Шрифт:
Интервал:
Закладка:
— Она не страдала?
— Уверяю вас, нет. Мы увеличили дозировку морфина. Нам пришлось отправить тело в морг, но вы можете ее увидеть. Она оставила для вас какие-то бумаги.
— Я скоро приеду. Мне нужно просто сообразить, как спланировать день.
— Как пожелаете, мадемуазель, срочности уже нет…

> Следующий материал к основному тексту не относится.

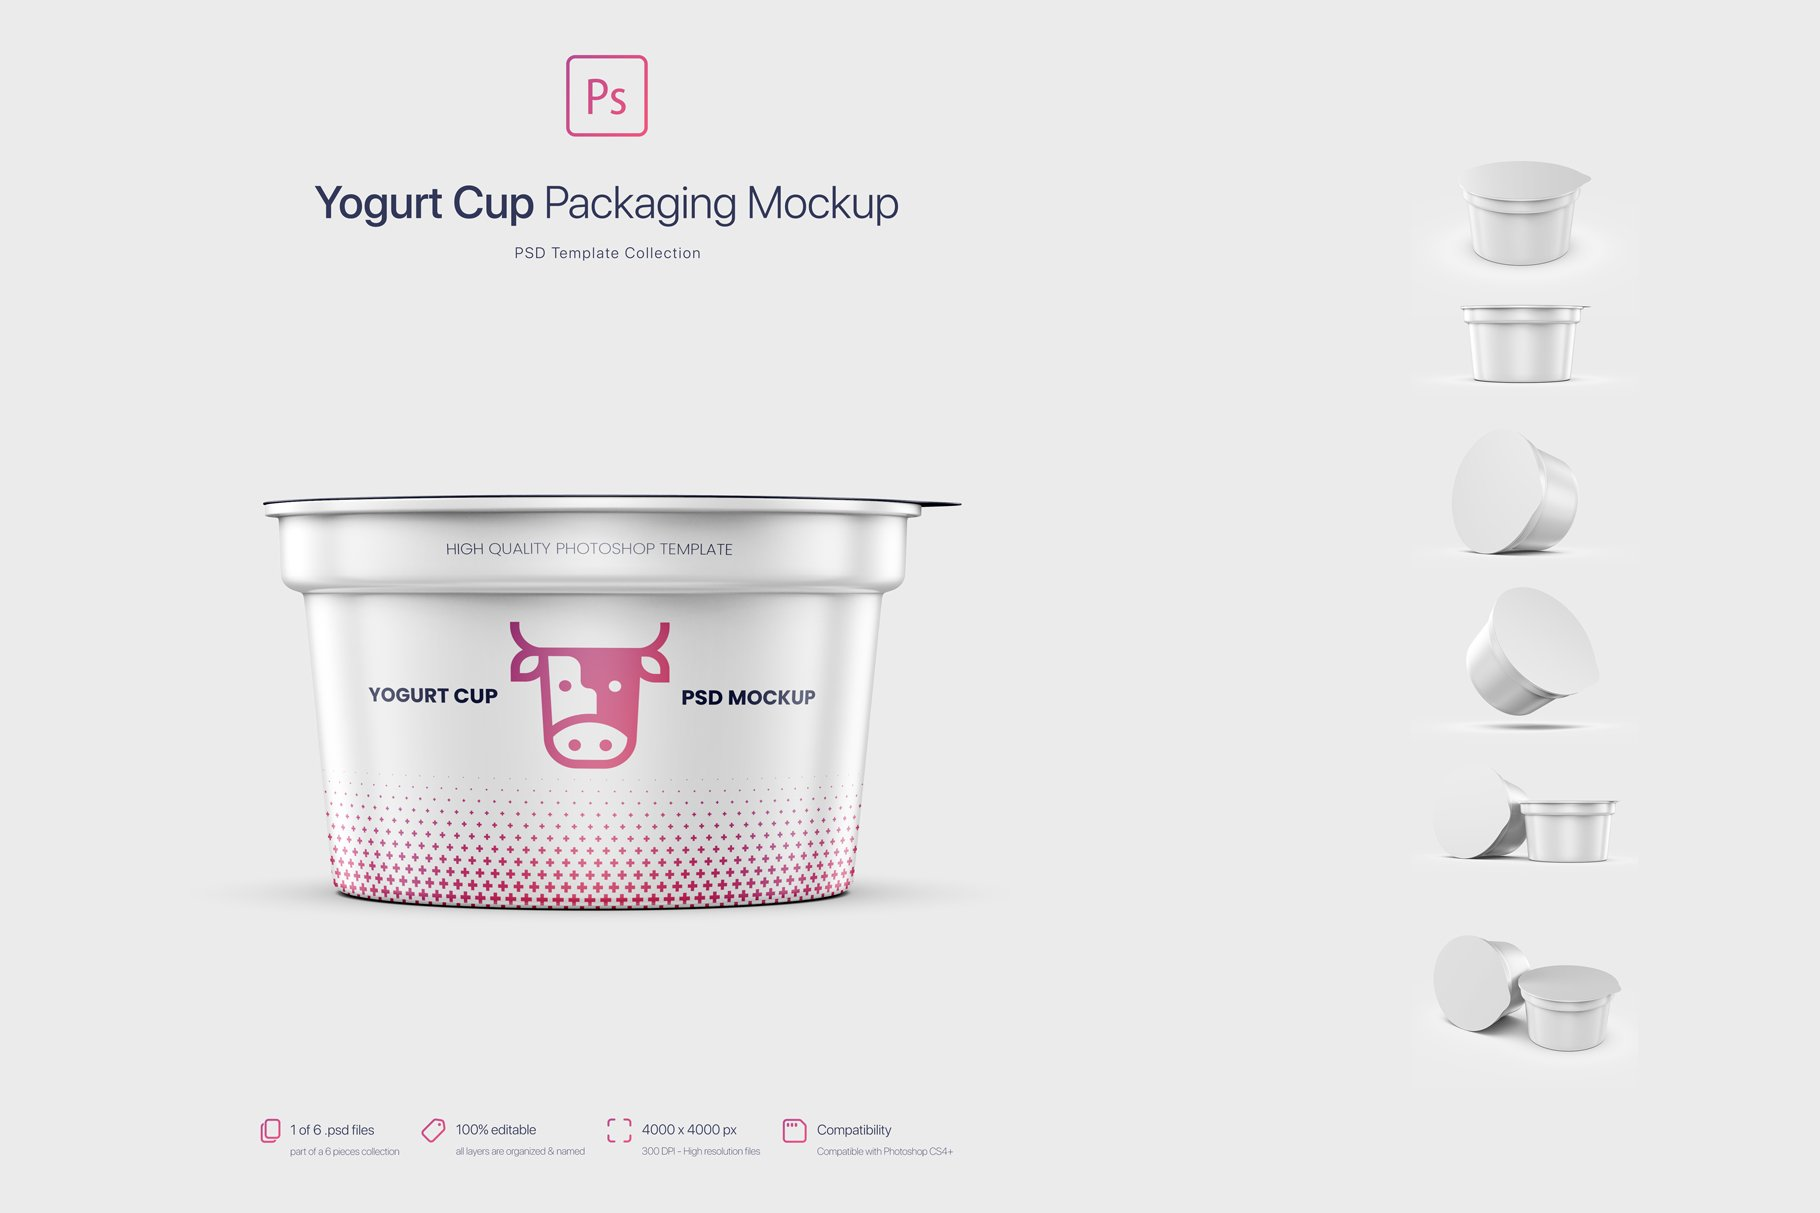 6款逼真高质量酸奶杯设计展示样机 Yogurt Cup Packaging Mockup插图5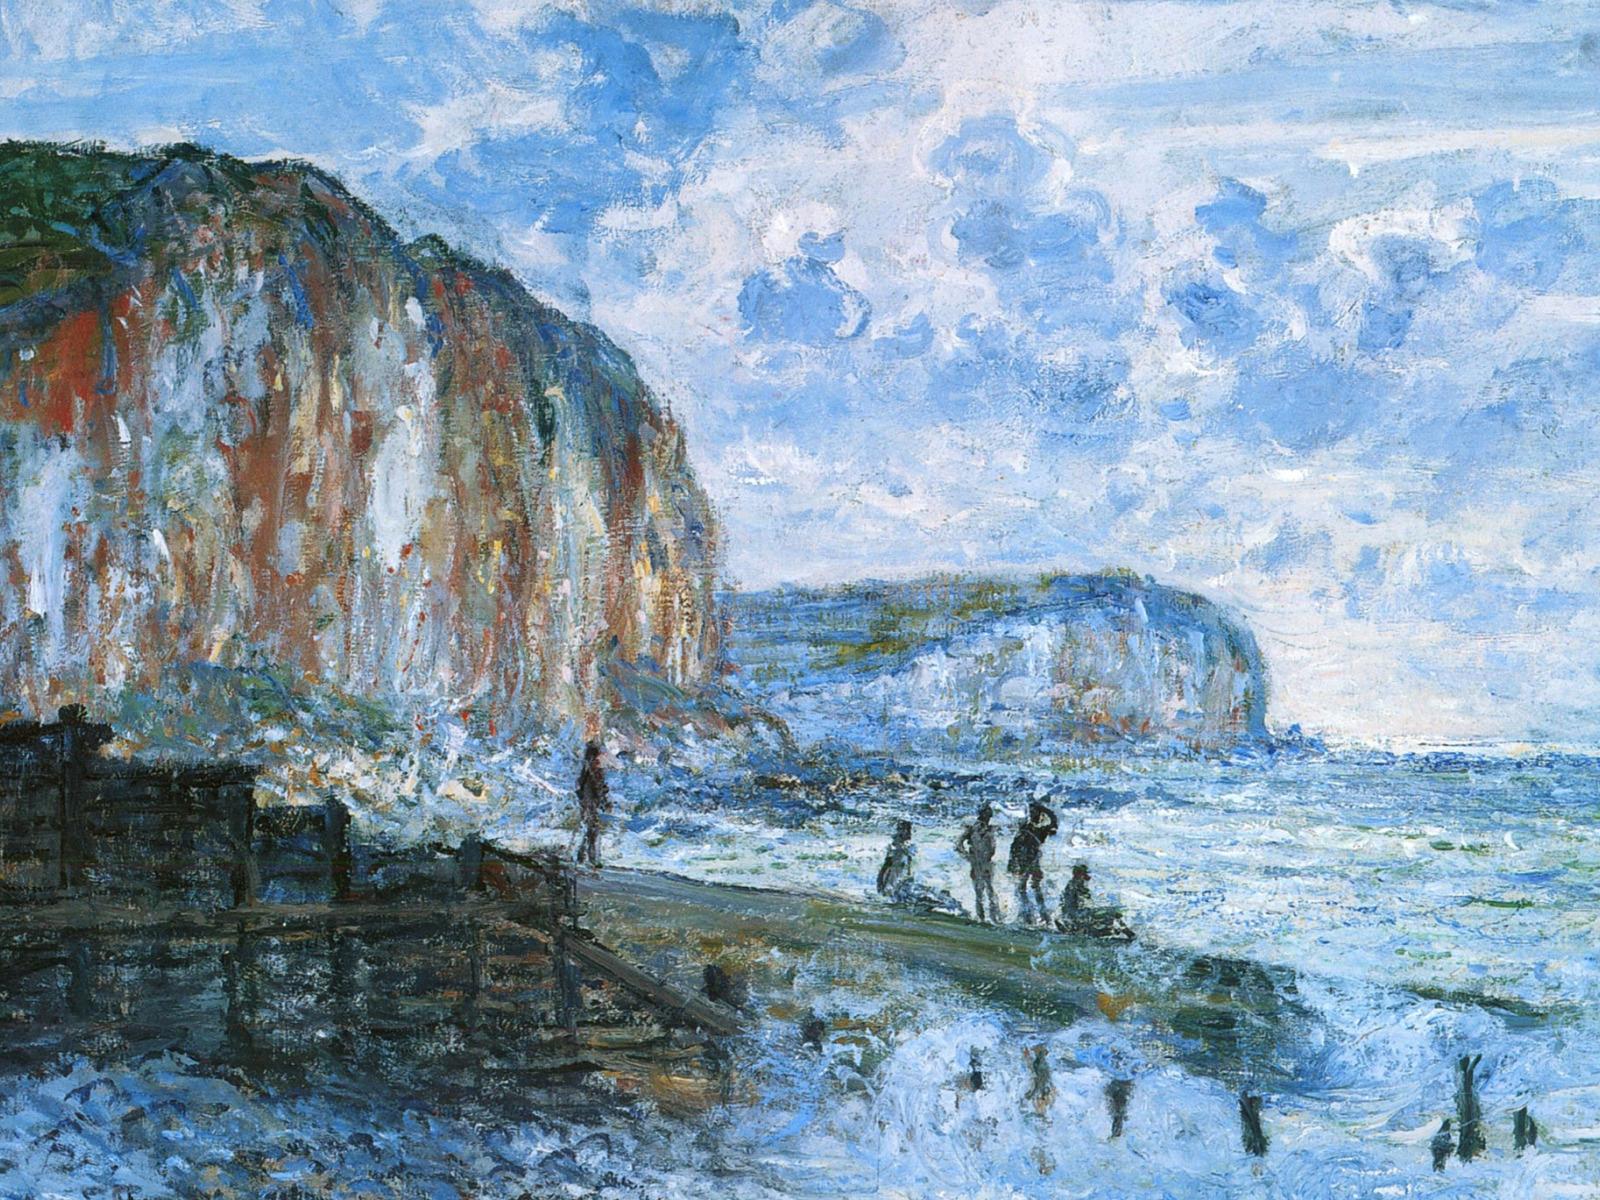 скалы и море < Скалы Пти-Далле >:: Клод Моне, описание картины - Claude Monet фото

Завершив разговор, я села прямо там, где стояла. Слезы полились сразу же, теплым ручьем. Я плакала и гладила ее растения. Она не увидит последнего цветения своего огорода. Эта боль отличалась от той, что я испытала, когда Давид разбился на скутере. В ней не было протеста, ярости, лишь безграничная печаль. Впервые это чувство меня настигло, когда умер соседский пес Торнадо. Пока мои родители разговаривали с его хозяевами, я сквозь приоткрытую дверь увидела его труп. Пес больше не лаял, не бежал ко мне со своим мячиком. Я бросилась в глубь сада и спряталась в яме за клумбой с лилиями. Там было мое секретное укрытие. Сейчас я бы многое отдала, чтобы снова там оказаться. В тот день мои родители искали меня, звали, но я не отзывалась. Мне нужно было побыть одной. Лишь с наступлением темноты отец, еще раз обыскав весь сад, пока полиция вела поиски на улице, увидел меня в свете своего фонарика, съежившуюся, как испуганный воробей. Он прижал меня к себе, и мы вместе заплакали. Это был мой первый раз, моя первая встреча со смертью, первый уход существа, которое я любила. С тех пор я видела и другие смерти. Второй случай произошел несколько месяцев спустя и преподнес мне важный урок. Когда скончался мой дядя Луи, я не плакала. Честно говоря, мне даже не было грустно. Я с ужасом осознала, что соседский пес был мне намного дороже этого ворчливого старика. Мне стало стыдно, но с тех пор я научилась смотреть правде в лицо. Когда честен сам с собой, не станешь любить людей только потому, что, по мнению окружающих, должна это делать, или потому, что в ином случае тебя будет грызть совесть. В горе человеком движет не логика, а нечто другое. Иррациональное чувство, со всей силой проявляющееся только в такие дни, как сегодня. Мадам Рудан умерла, и мне от этого очень плохо.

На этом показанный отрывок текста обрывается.